先日、バルガス=リョサがノーベル文学賞を受賞したと発表された。
だから何だ、というわけでもないが、ものかきとしての自分に平手打ち、あるいは往復ビンタをかましたくなったときに読み返す本、というのが私にはあって、そのうちの一冊がこの『若い小説家に宛てた手紙』である。
ノーベル賞という看板はえらいもので、それまではアマゾンで、まあ数万位くらいの底を這うような売れ行きだった『緑の家』(岩波文庫)が、受賞後いきなり三ケタ台の順位に上がってきたところを見ると、「ノーベル賞を取った小説家ならいちおう読んでおくか」という層がこの世にある程度いるのは間違いないらしい。
しかし、正直いってリョサの小説は軽い気持ちで読み通せるほど素直なものではない。けれども何か読んでみたい、という人に、とりあえず、この本はお薦めである。
まず、読みやすい。リョサが、小説家志望(であろうと思われる)の若者が送ってきた手紙に書いた返事、往復書簡、という形を取っているので、いわゆる書簡体であり、話し言葉で書かれているので、比較的楽に読み進めることができる。
そして、小説家の頭の中というのがどういうものか、というのが、ちょっとばかりチラ見できる。昔は文学青年だった、あるいは、今も文学中年または老年である、という人には、ことに興味深いに違いない。なにしろ、ノーベル文学賞作家の頭の中である。興味を持つな、というほうが無理ではないか。
むろん全体はエッセイのようなものであるから、複雑なストーリーや、溢れるカタカナ名前の人物の右往左往に悩まされて放り出してしまう気づかいもない。ちょっとばかりノーベル文学賞に触れてみたい、という人には、まず失敗のない選択といえよう。
しかしもっとも勧めたいのは、本のタイトルどおり、『若い小説家』、あるいは、これから作家になろうと考えている人たちである。ものかきとしての自分に活を入れたくなったとき、私はこれを読む。あるいは河野多惠子『小説の秘密をめぐる十二章』(文藝春秋)を読む(こちらのほうが劇薬度が高い)。
『若い小説家に宛てた手紙』は、書簡体でリョサが自分の小説の書き方、考え方、小説の組み立て方などを記した本である。
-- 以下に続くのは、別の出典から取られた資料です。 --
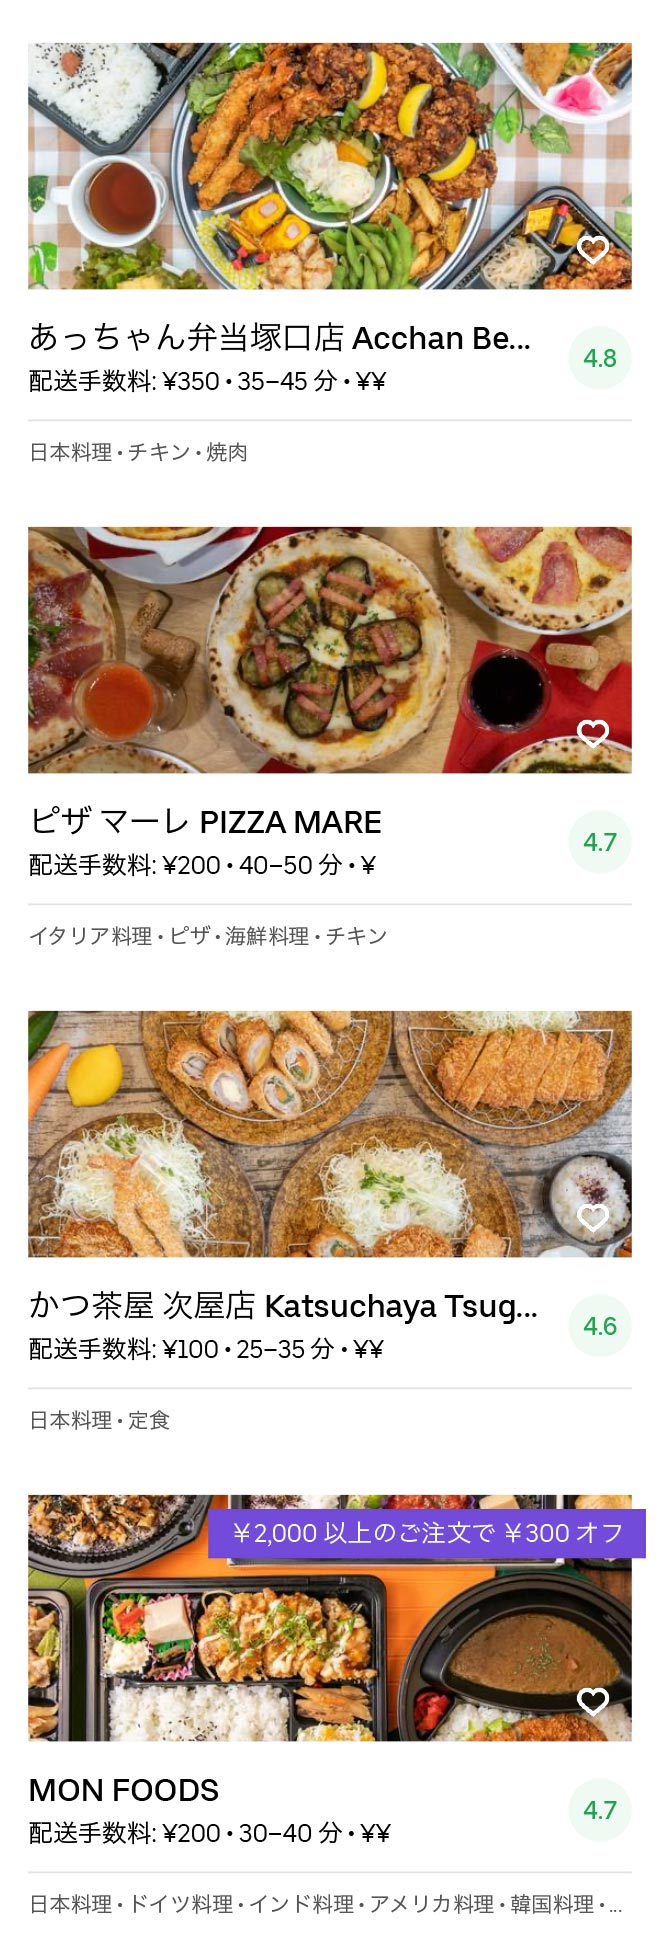 Amagasaki menu 2005 06

そういう意味では、「君にも小説が書ける!」式の、「小説の書き方ノウハウ本」のように見えるかもしれない。実際、リョサはこの本の中でフィクションの説得力や文体、語り手と空間の問題、現実のレヴェル等、カルチャースクールの小説講座の講義録に出てきそうな表題を挙げ、それらについてさまざまな例を出して語っている。
しかし、最終章である第十二章「追伸風に」で、リョサはそれまで語ってきたすべてに冷や水をぶっかける。
(以下引用)
技巧、形式、論述、テキスト、──(中略)何とでも好きに呼んでいいもの、それらは分割することのできない一個の全体なのです。にもかかわらず、テーマや文体、秩序、視点などに分類して考えるというのは生体を解剖するのと何ら変わることがありません。それがうまくいった場合でも、結局のところ小説を殺すことにほかならないのです。
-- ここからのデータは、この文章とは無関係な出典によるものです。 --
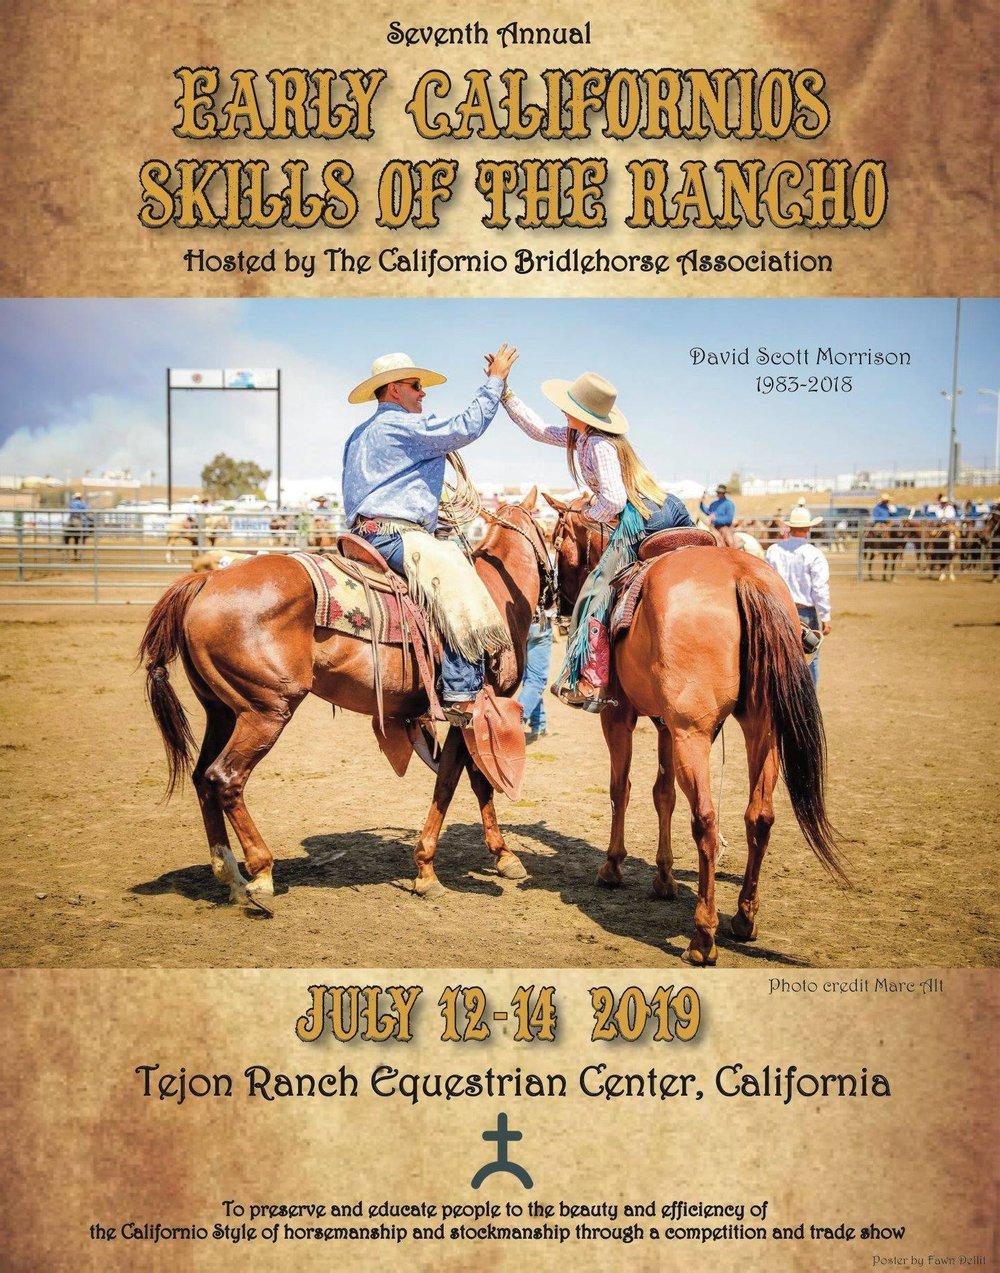 Contact: Californio Bridle Horse Association

(中略)成功したフィクション、あるいは詩の中には、理性的な批評的分析ではどうしてもとらえることのできない要素、もしくは広がりがあります。
(中略)ですから、他人に創作法を教えることなどできません。できるのはせいぜい文章の書き方や本の読み方を教えるくらいのことです。
(引用終わり)
私は何年か小説の専門学校の講師を務めたことがあり、現在もときどき講師役を引き受けるが、リョサの言葉の示すところを、毎回痛感する。
これは自分に関しても同様である。「お話」は小手先で作れても、「小説」は小手先では創れない。そこには必ず、理性以上の何かがこもる。締め切りや売れ行きや、何より自分自身の力に対する疑いによって、ものを書く目先が曇らされそうになったとき、頼りない自分の横っ面をひっぱたくために、この本を私は折にふれ読み返す。
また、仮にも小説家を志す人々は、皆この機会にぜひ読んでおくべきだと思う。
ノーベル文学賞受賞作家の本だから、という意味ではない。ただここに、『小説を書くもの』としての心構えのひとつが、きわめて明確に記された書があるから、というだけにすぎない。『小説の秘密をめぐる十二章』とあわせ、二読三読、四読五読とされるべき、希有なる書物である。